EXERCISE INSTRUCTIONS:
Retype the data in its entirety, with no word changed.

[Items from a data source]
=== Begin Enclosure ===
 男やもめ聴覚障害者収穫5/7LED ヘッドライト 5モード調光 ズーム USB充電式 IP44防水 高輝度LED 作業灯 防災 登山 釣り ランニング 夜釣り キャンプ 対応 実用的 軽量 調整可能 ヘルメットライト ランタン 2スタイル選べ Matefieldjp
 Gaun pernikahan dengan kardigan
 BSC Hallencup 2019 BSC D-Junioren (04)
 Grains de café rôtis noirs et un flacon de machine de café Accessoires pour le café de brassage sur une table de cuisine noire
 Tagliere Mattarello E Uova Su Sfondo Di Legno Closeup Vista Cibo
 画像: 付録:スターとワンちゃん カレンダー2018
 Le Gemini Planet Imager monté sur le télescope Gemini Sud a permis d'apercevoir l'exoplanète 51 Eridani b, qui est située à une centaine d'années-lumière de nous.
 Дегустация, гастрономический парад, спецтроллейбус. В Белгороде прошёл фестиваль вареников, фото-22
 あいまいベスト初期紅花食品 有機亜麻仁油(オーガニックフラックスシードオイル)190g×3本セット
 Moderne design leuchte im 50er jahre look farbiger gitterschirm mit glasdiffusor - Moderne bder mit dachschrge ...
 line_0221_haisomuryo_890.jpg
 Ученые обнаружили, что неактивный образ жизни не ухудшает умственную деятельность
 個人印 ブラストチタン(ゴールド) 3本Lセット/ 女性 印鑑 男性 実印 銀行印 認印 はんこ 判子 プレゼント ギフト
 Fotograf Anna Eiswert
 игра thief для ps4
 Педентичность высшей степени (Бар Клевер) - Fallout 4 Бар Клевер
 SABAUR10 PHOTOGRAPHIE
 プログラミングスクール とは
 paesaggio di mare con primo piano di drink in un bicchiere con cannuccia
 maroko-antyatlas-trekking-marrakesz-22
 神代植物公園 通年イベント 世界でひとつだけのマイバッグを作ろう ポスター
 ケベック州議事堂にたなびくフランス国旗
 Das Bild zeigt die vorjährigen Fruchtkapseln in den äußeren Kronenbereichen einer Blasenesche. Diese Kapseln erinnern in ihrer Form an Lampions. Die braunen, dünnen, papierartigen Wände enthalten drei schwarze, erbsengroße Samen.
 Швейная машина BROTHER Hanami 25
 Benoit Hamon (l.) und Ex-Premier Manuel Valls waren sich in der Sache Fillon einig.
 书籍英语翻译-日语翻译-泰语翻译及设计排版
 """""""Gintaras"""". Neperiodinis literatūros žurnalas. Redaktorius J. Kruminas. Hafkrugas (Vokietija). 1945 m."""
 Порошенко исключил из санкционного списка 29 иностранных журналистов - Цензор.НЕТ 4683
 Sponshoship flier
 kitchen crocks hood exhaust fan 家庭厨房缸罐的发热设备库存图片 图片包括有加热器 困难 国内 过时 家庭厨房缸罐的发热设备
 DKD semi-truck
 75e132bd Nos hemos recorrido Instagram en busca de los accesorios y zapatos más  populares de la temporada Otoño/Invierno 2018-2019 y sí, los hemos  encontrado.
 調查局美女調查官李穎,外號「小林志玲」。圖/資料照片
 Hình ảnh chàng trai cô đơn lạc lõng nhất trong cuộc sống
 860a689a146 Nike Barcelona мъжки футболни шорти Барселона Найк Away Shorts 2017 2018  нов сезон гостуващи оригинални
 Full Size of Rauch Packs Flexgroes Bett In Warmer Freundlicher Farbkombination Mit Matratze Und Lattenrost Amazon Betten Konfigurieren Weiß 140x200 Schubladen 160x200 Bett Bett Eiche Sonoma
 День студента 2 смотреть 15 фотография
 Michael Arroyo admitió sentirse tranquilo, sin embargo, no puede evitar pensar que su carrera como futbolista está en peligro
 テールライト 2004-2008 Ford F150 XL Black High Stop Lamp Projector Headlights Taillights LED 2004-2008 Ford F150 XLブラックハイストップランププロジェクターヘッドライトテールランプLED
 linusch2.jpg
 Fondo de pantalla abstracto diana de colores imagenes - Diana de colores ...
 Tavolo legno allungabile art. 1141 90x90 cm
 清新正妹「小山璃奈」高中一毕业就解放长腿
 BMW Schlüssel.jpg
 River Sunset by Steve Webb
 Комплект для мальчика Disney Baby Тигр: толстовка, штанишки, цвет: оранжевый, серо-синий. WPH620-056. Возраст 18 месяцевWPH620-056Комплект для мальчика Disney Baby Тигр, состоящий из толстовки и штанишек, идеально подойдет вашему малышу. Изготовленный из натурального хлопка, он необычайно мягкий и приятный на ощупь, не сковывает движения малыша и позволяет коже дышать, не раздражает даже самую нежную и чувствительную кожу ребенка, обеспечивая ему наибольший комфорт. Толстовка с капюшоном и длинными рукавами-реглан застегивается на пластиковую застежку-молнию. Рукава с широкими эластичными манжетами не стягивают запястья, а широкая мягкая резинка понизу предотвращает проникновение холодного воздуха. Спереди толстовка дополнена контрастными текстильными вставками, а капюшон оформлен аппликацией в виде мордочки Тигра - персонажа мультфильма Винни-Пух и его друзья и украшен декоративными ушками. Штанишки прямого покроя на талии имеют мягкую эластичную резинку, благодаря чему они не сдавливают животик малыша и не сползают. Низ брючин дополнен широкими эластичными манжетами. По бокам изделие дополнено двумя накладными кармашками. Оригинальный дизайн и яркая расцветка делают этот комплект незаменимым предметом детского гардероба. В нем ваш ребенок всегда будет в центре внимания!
=== End Enclosure ===
OUTPUT FOR THIS EXERCISE:
 男やもめ聴覚障害者収穫5/7LED ヘッドライト 5モード調光 ズーム USB充電式 IP44防水 高輝度LED 作業灯 防災 登山 釣り ランニング 夜釣り キャンプ 対応 実用的 軽量 調整可能 ヘルメットライト ランタン 2スタイル選べ Matefieldjp
 Gaun pernikahan dengan kardigan
 BSC Hallencup 2019 BSC D-Junioren (04)
 Grains de café rôtis noirs et un flacon de machine de café Accessoires pour le café de brassage sur une table de cuisine noire
 Tagliere Mattarello E Uova Su Sfondo Di Legno Closeup Vista Cibo
 画像: 付録:スターとワンちゃん カレンダー2018
 Le Gemini Planet Imager monté sur le télescope Gemini Sud a permis d'apercevoir l'exoplanète 51 Eridani b, qui est située à une centaine d'années-lumière de nous.
 Дегустация, гастрономический парад, спецтроллейбус. В Белгороде прошёл фестиваль вареников, фото-22
 あいまいベスト初期紅花食品 有機亜麻仁油(オーガニックフラックスシードオイル)190g×3本セット
 Moderne design leuchte im 50er jahre look farbiger gitterschirm mit glasdiffusor - Moderne bder mit dachschrge ...
 line_0221_haisomuryo_890.jpg
 Ученые обнаружили, что неактивный образ жизни не ухудшает умственную деятельность
 個人印 ブラストチタン(ゴールド) 3本Lセット/ 女性 印鑑 男性 実印 銀行印 認印 はんこ 判子 プレゼント ギフト
 Fotograf Anna Eiswert
 игра thief для ps4
 Педентичность высшей степени (Бар Клевер) - Fallout 4 Бар Клевер
 SABAUR10 PHOTOGRAPHIE
 プログラミングスクール とは
 paesaggio di mare con primo piano di drink in un bicchiere con cannuccia
 maroko-antyatlas-trekking-marrakesz-22
 神代植物公園 通年イベント 世界でひとつだけのマイバッグを作ろう ポスター
 ケベック州議事堂にたなびくフランス国旗
 Das Bild zeigt die vorjährigen Fruchtkapseln in den äußeren Kronenbereichen einer Blasenesche. Diese Kapseln erinnern in ihrer Form an Lampions. Die braunen, dünnen, papierartigen Wände enthalten drei schwarze, erbsengroße Samen.
 Швейная машина BROTHER Hanami 25
 Benoit Hamon (l.) und Ex-Premier Manuel Valls waren sich in der Sache Fillon einig.
 书籍英语翻译-日语翻译-泰语翻译及设计排版
 """""""Gintaras"""". Neperiodinis literatūros žurnalas. Redaktorius J. Kruminas. Hafkrugas (Vokietija). 1945 m."""
 Порошенко исключил из санкционного списка 29 иностранных журналистов - Цензор.НЕТ 4683
 Sponshoship flier
 kitchen crocks hood exhaust fan 家庭厨房缸罐的发热设备库存图片 图片包括有加热器 困难 国内 过时 家庭厨房缸罐的发热设备
 DKD semi-truck
 75e132bd Nos hemos recorrido Instagram en busca de los accesorios y zapatos más  populares de la temporada Otoño/Invierno 2018-2019 y sí, los hemos  encontrado.
 調查局美女調查官李穎,外號「小林志玲」。圖/資料照片
 Hình ảnh chàng trai cô đơn lạc lõng nhất trong cuộc sống
 860a689a146 Nike Barcelona мъжки футболни шорти Барселона Найк Away Shorts 2017 2018  нов сезон гостуващи оригинални
 Full Size of Rauch Packs Flexgroes Bett In Warmer Freundlicher Farbkombination Mit Matratze Und Lattenrost Amazon Betten Konfigurieren Weiß 140x200 Schubladen 160x200 Bett Bett Eiche Sonoma
 День студента 2 смотреть 15 фотография
 Michael Arroyo admitió sentirse tranquilo, sin embargo, no puede evitar pensar que su carrera como futbolista está en peligro
 テールライト 2004-2008 Ford F150 XL Black High Stop Lamp Projector Headlights Taillights LED 2004-2008 Ford F150 XLブラックハイストップランププロジェクターヘッドライトテールランプLED
 linusch2.jpg
 Fondo de pantalla abstracto diana de colores imagenes - Diana de colores ...
 Tavolo legno allungabile art. 1141 90x90 cm
 清新正妹「小山璃奈」高中一毕业就解放长腿
 BMW Schlüssel.jpg
 River Sunset by Steve Webb
 Комплект для мальчика Disney Baby Тигр: толстовка, штанишки, цвет: оранжевый, серо-синий. WPH620-056. Возраст 18 месяцевWPH620-056Комплект для мальчика Disney Baby Тигр, состоящий из толстовки и штанишек, идеально подойдет вашему малышу. Изготовленный из натурального хлопка, он необычайно мягкий и приятный на ощупь, не сковывает движения малыша и позволяет коже дышать, не раздражает даже самую нежную и чувствительную кожу ребенка, обеспечивая ему наибольший комфорт. Толстовка с капюшоном и длинными рукавами-реглан застегивается на пластиковую застежку-молнию. Рукава с широкими эластичными манжетами не стягивают запястья, а широкая мягкая резинка понизу предотвращает проникновение холодного воздуха. Спереди толстовка дополнена контрастными текстильными вставками, а капюшон оформлен аппликацией в виде мордочки Тигра - персонажа мультфильма Винни-Пух и его друзья и украшен декоративными ушками. Штанишки прямого покроя на талии имеют мягкую эластичную резинку, благодаря чему они не сдавливают животик малыша и не сползают. Низ брючин дополнен широкими эластичными манжетами. По бокам изделие дополнено двумя накладными кармашками. Оригинальный дизайн и яркая расцветка делают этот комплект незаменимым предметом детского гардероба. В нем ваш ребенок всегда будет в центре внимания!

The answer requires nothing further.